Work to complete: Give back the exact lines of the material below from the one containing "Newmowa VW-VBD78 Rechargeable" through the one containing "Void Acoustics Cyclone 10 speakers", and no pictures.
═════ Data for review ═════
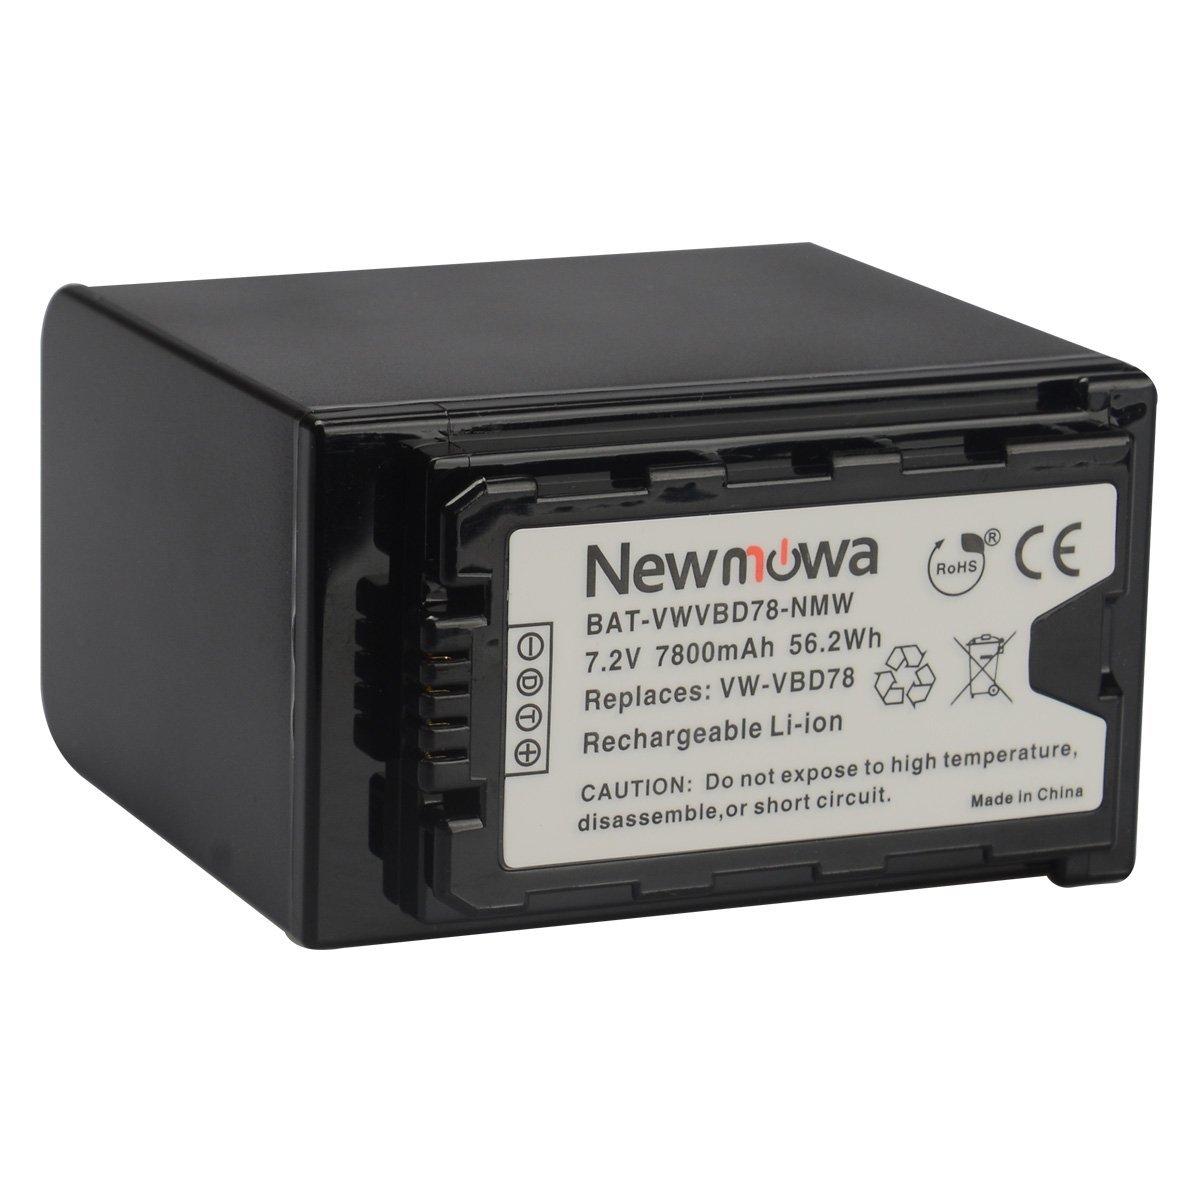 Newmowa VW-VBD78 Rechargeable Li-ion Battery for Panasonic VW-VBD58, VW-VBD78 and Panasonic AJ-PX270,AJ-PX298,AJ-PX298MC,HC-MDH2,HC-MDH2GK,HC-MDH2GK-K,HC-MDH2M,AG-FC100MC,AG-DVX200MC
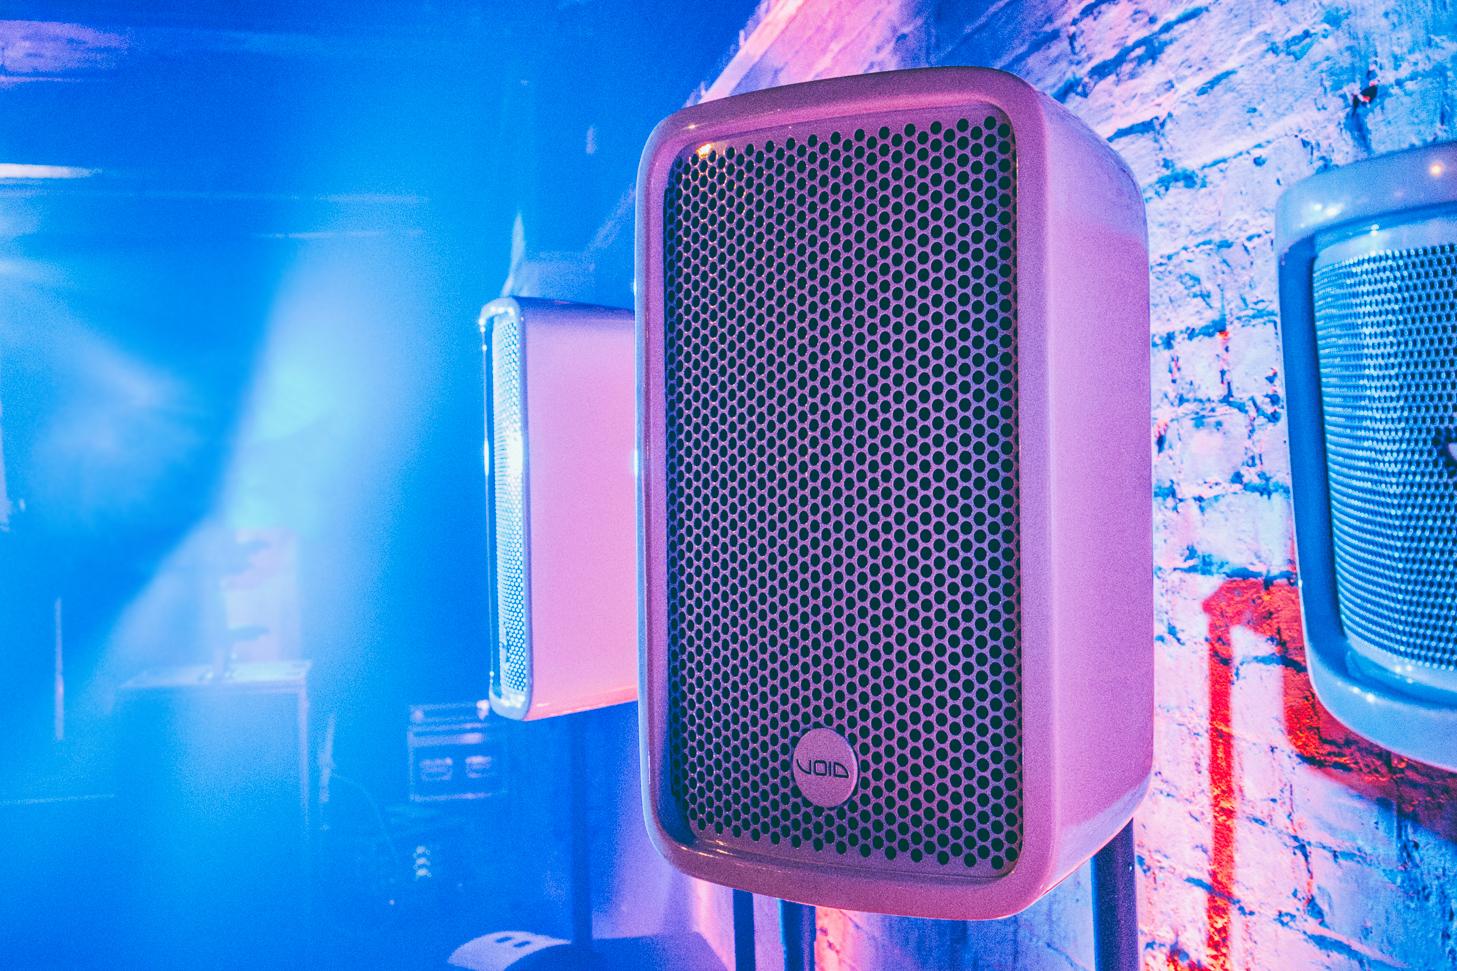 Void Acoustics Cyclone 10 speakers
═════
═════ Data for review ═════
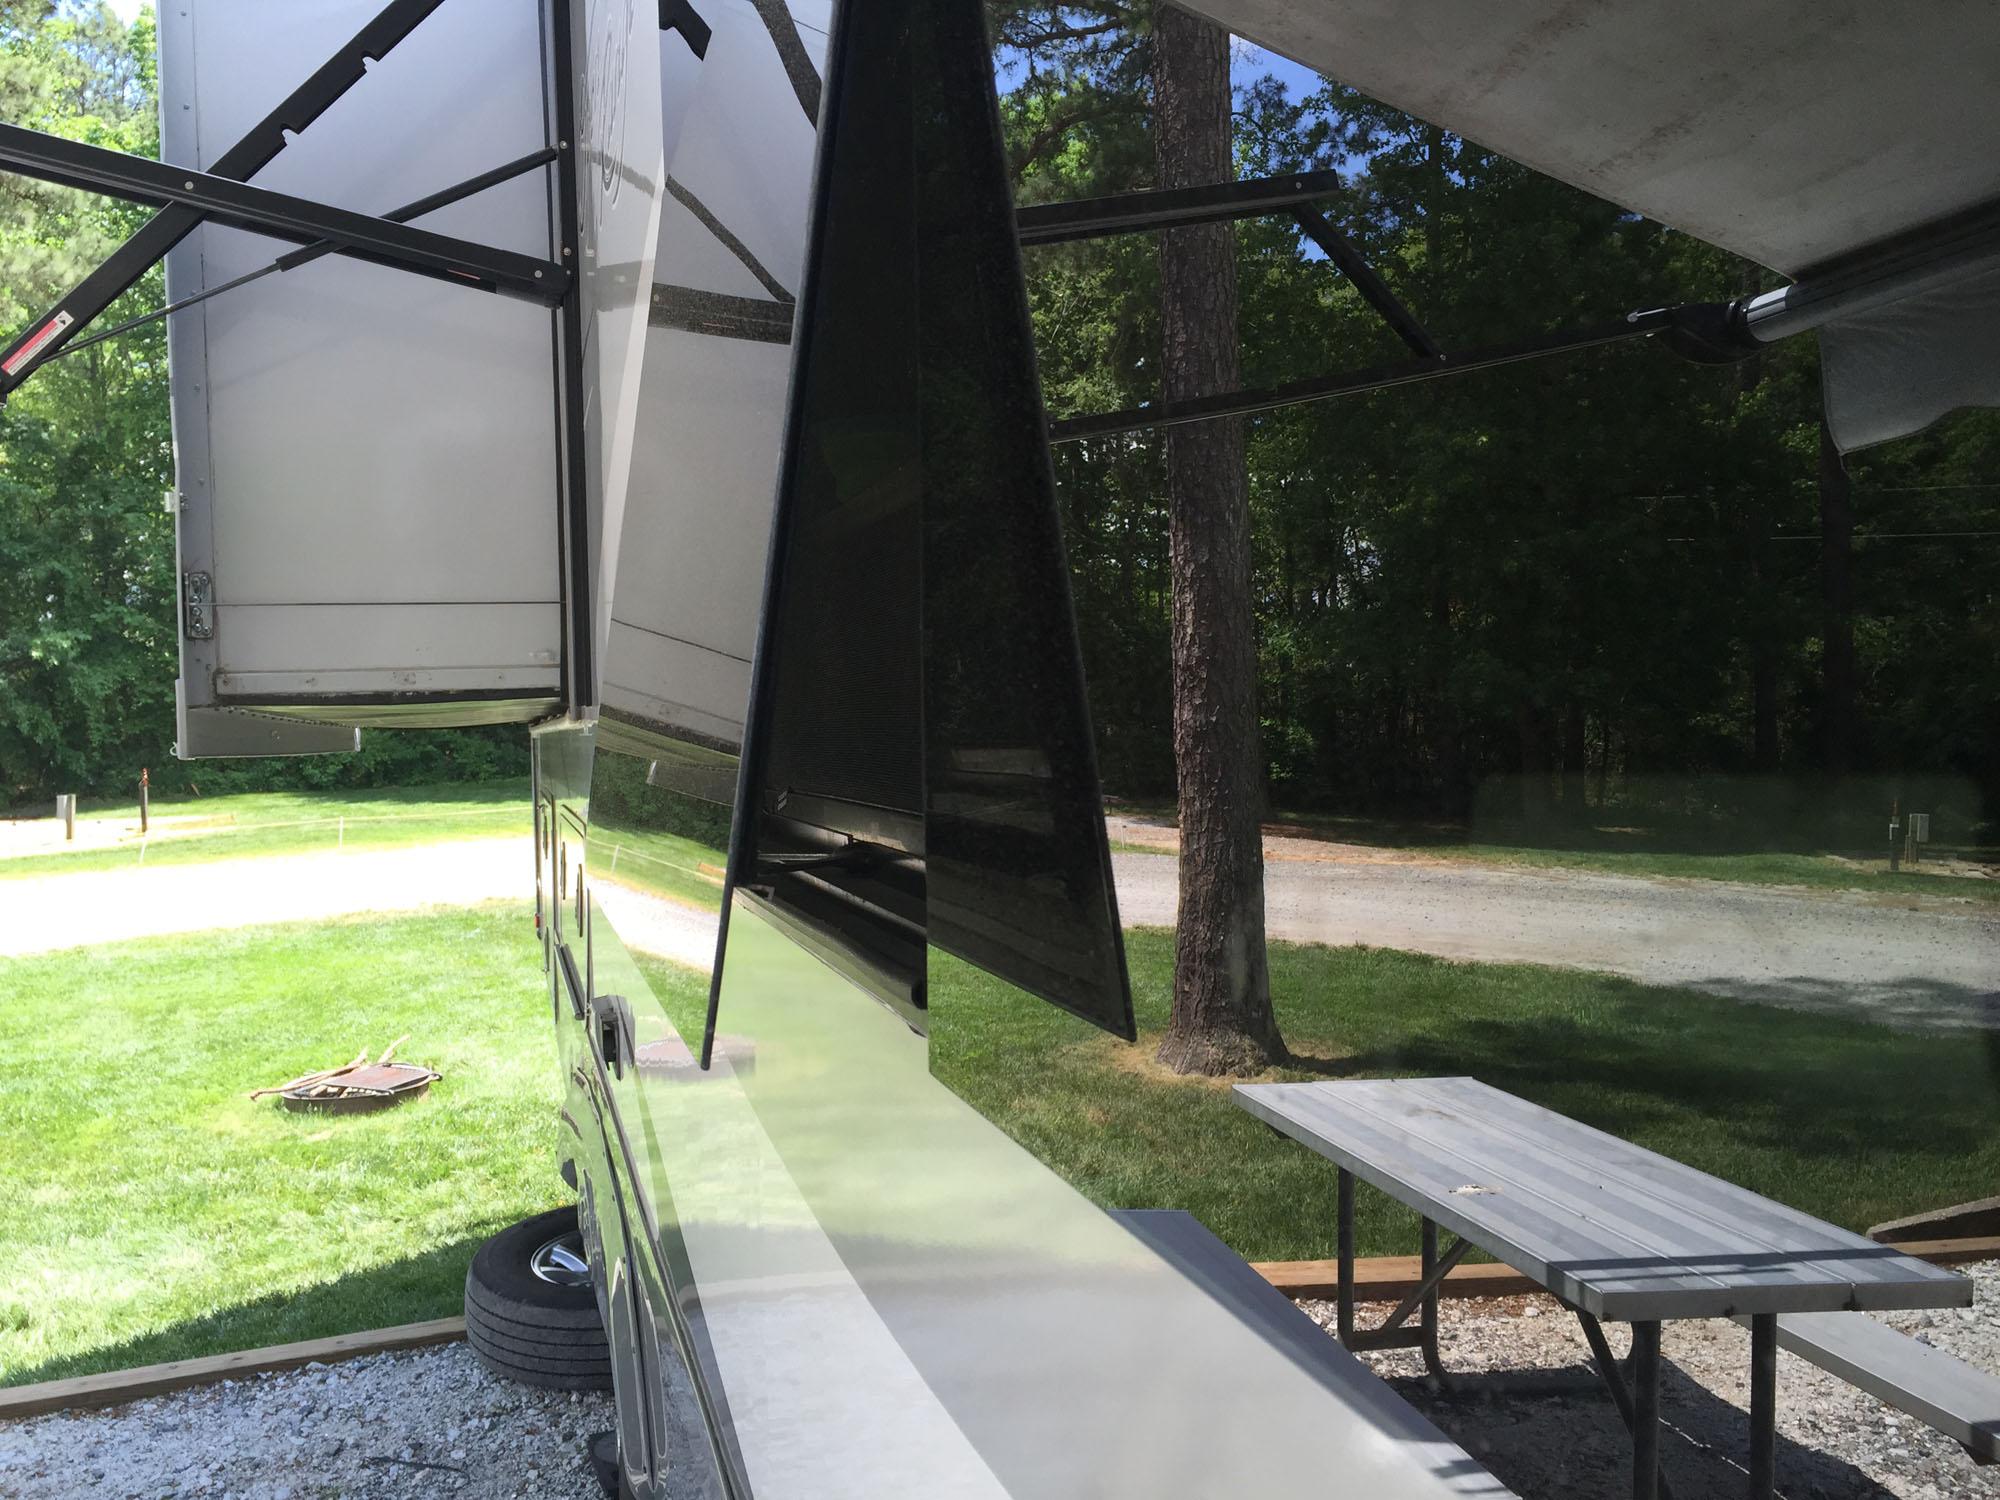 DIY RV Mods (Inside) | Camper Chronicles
═════
Answer to the problem:
 Newmowa VW-VBD78 Rechargeable Li-ion Battery for Panasonic VW-VBD58, VW-VBD78 and Panasonic AJ-PX270,AJ-PX298,AJ-PX298MC,HC-MDH2,HC-MDH2GK,HC-MDH2GK-K,HC-MDH2M,AG-FC100MC,AG-DVX200MC
 Void Acoustics Cyclone 10 speakers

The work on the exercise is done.